I have been dealing with Phuket immigration for over 22 years and I love them,  they are kind and helpful and i am never there more than 30 minutes to do extensions and re-entry even if there is a line in front of me. If you had gone in 4 to 5 days before ( as anyone that has any brains would have done) u would have had time, TO wait until the last day is just plain stupid.  If u had NOT lost ur temper and smiled and had asked Politely  what can u do to make it right they would have helped u.

2 weeks ago my friend went in for his yearly retirement extension renewal.  He had screwed up and taken out 10,000 baht from the 800,000 and then put it back they next day.  Immigration caught it and showed him., telling him he had to go get  a new visa.  Rather than losing his cool and yelling , he asked how he could make it right.  They asked him how much it would cost to go to HK for him and his wife ( as her visa is tied to his )  stay in hotel, apply for new visa etc etc, then offered to make it all right for 10,000 baht.
OK corruption but it saved him double that and time.

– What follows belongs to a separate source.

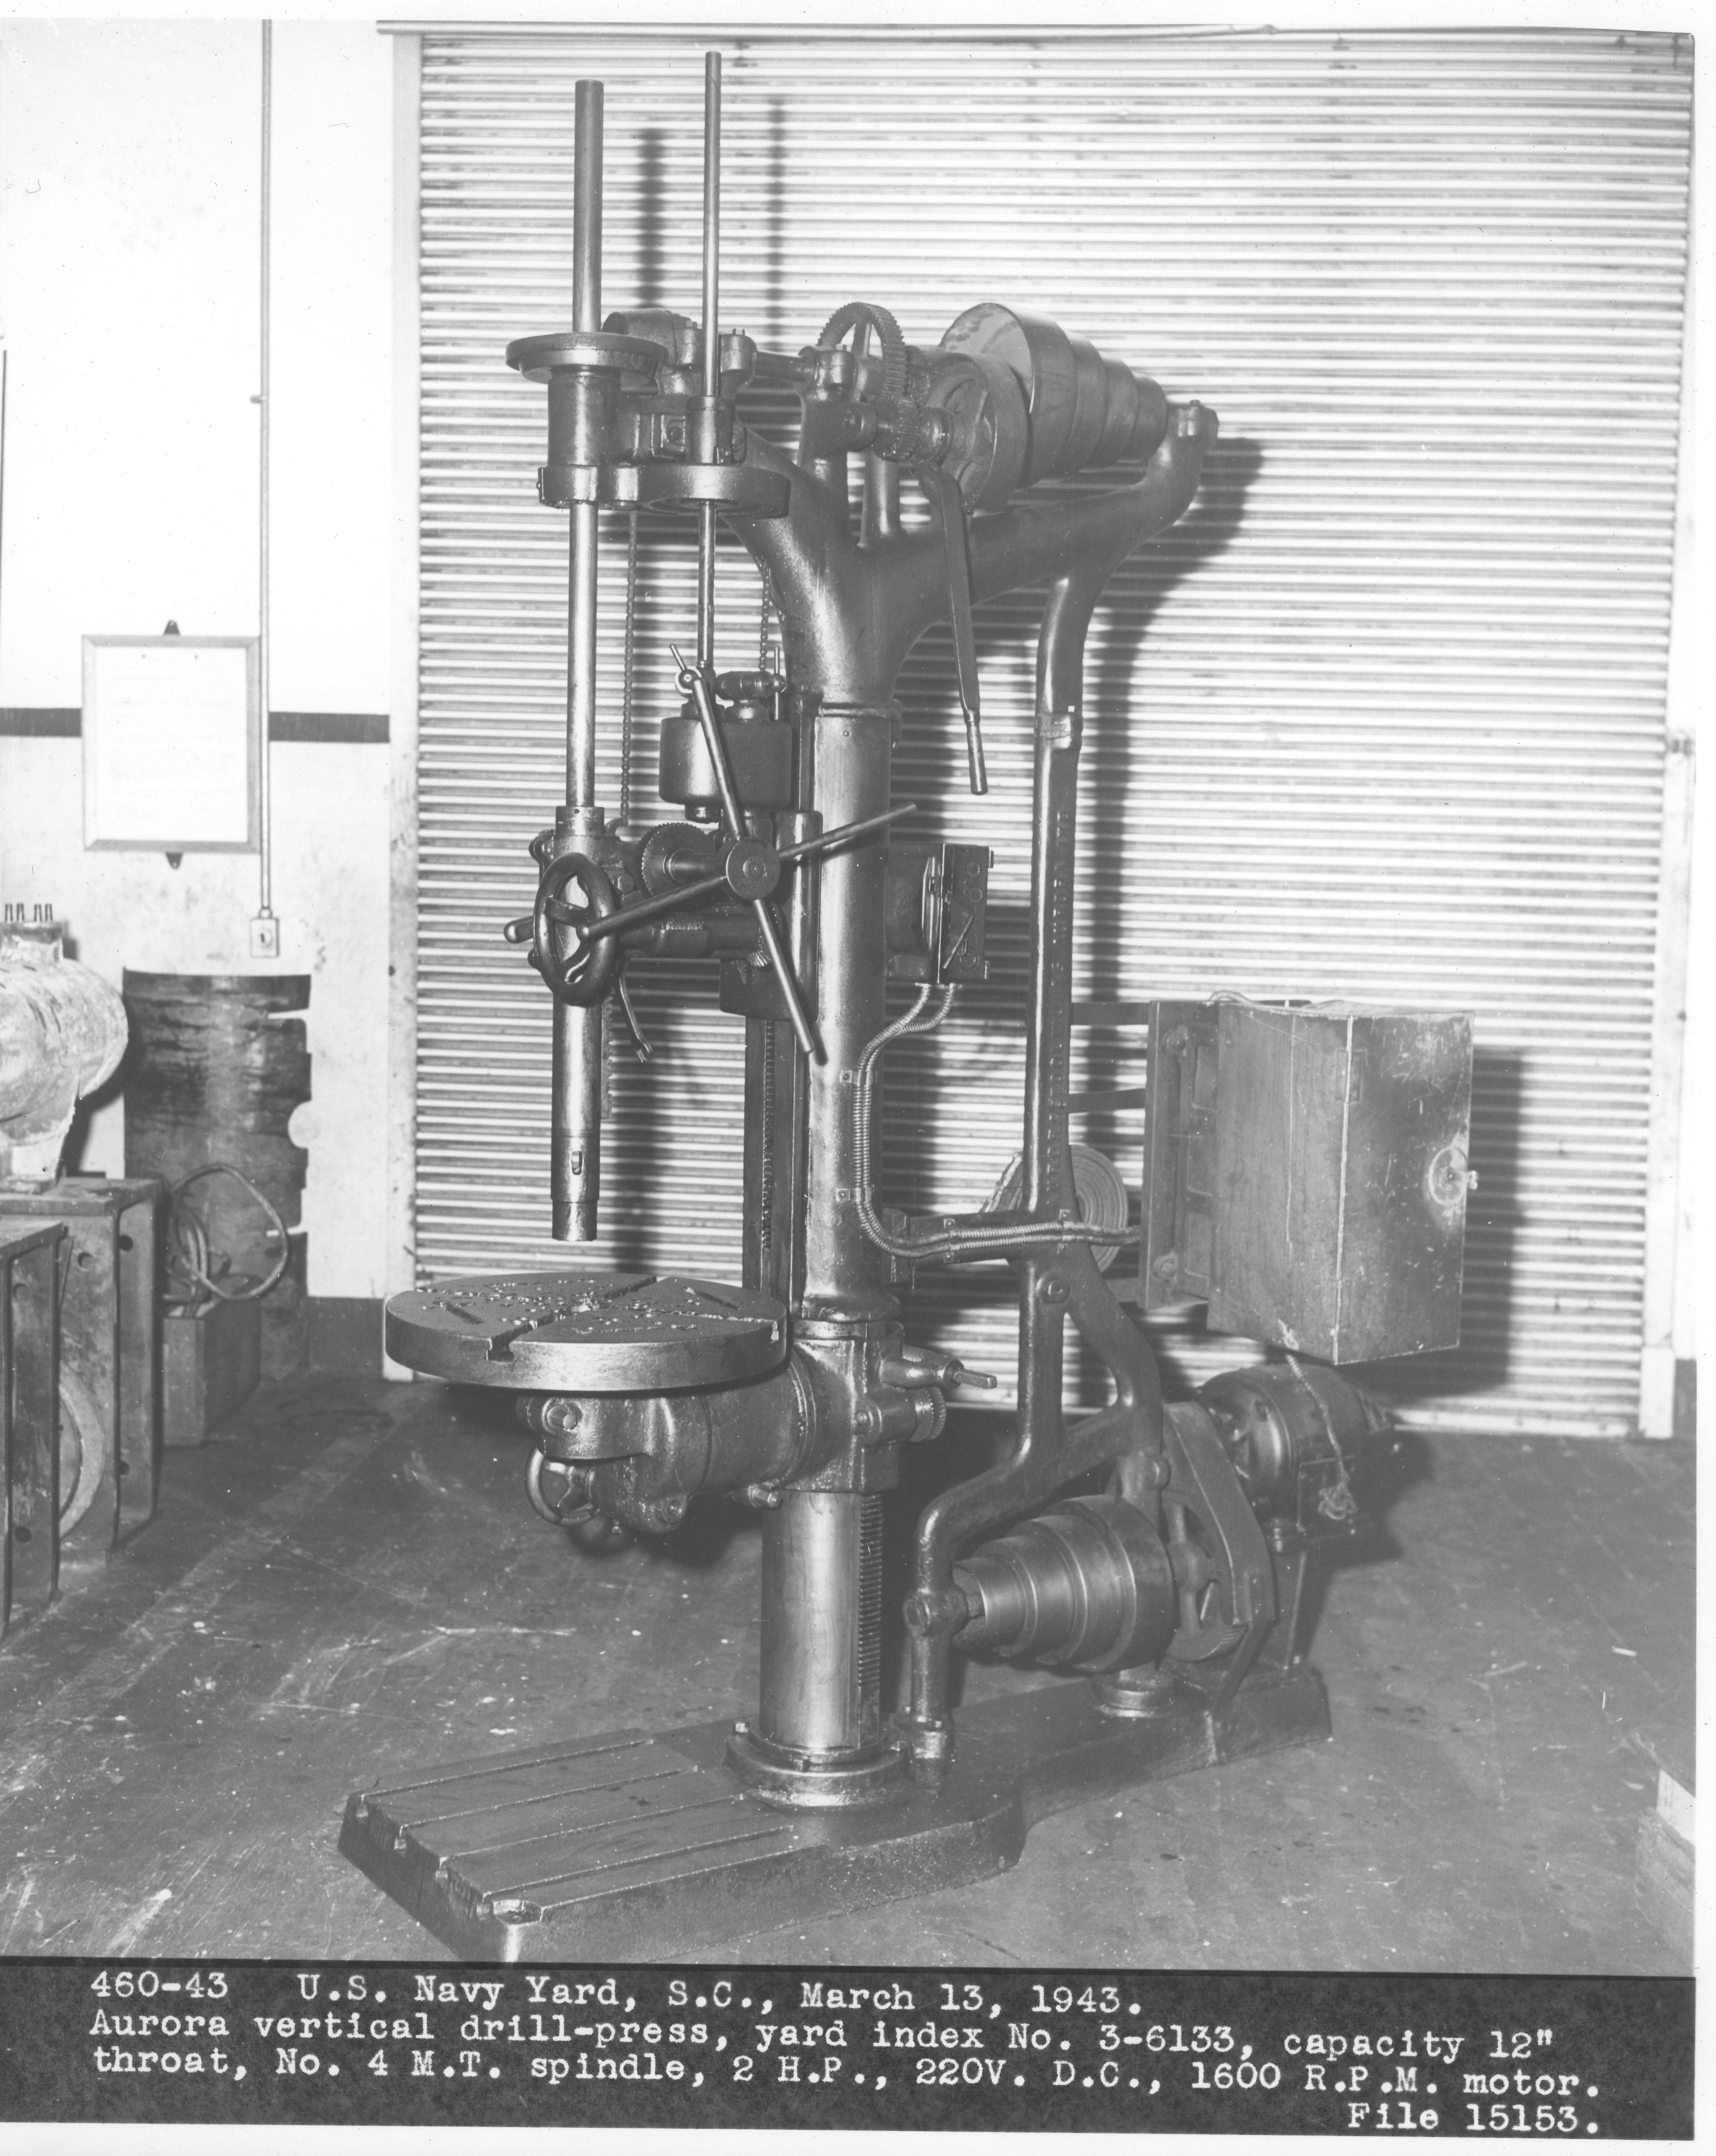 Aurora vertical drill-press

Smile, allow them to feel superior and u will have no problems.

Many times i have been to them and they have filed out the forms for me for my re-entry permit as it was late.  I have NEVER given tips or bottles but i have been polite an allowed them to feel superior.  IT's all a game and u play by their rules or leave

----------


## Mr Earl

> they are kind and helpful .


yea right, and pigs really do fly in Phuket. 
Next you'll be telling us tuk tuk drivers are gentle spirits. :smiley laughing:

----------


## taxexile

> They asked him how much it would cost to go to HK for him and his wife ( as her visa is tied to his ) stay in hotel, apply for new visa etc etc, then offered to make it all right for 10,000 baht.
>  OK corruption but it saved him double that and time.



you or your friend obviously threw your morals and pride out of the window when you arrived in thailand if you think that is the correct way to handle that situation.



the more that people kow tow to these extorting jobsworths and their sleazy ways the more they become empowered and brazen in their demands.

there would be no corruption if people refused to pay these government employed crooks.

your friend made the mistake by withdrawing the money, he should have accepted responsibility for that error and made the trip to hong kong, not bribed an official to overlook it.

----------


## Mr Earl

> you or your friend obviously threw your morals and pride out of the window when you arrived in thailand if you think that is the correct way to handle that situation.
> 
> 
> 
> the more that people kow tow to these extorting jobsworths and their sleazy ways the more they become empowered and brazen in their demands.
> 
> there would be no corruption if people refused to pay these government employed crooks.
> 
> your friend made the mistake by withdrawing the money, he should have accepted responsibility for that error and made the trip to hong kong, not bribed an official to overlook it.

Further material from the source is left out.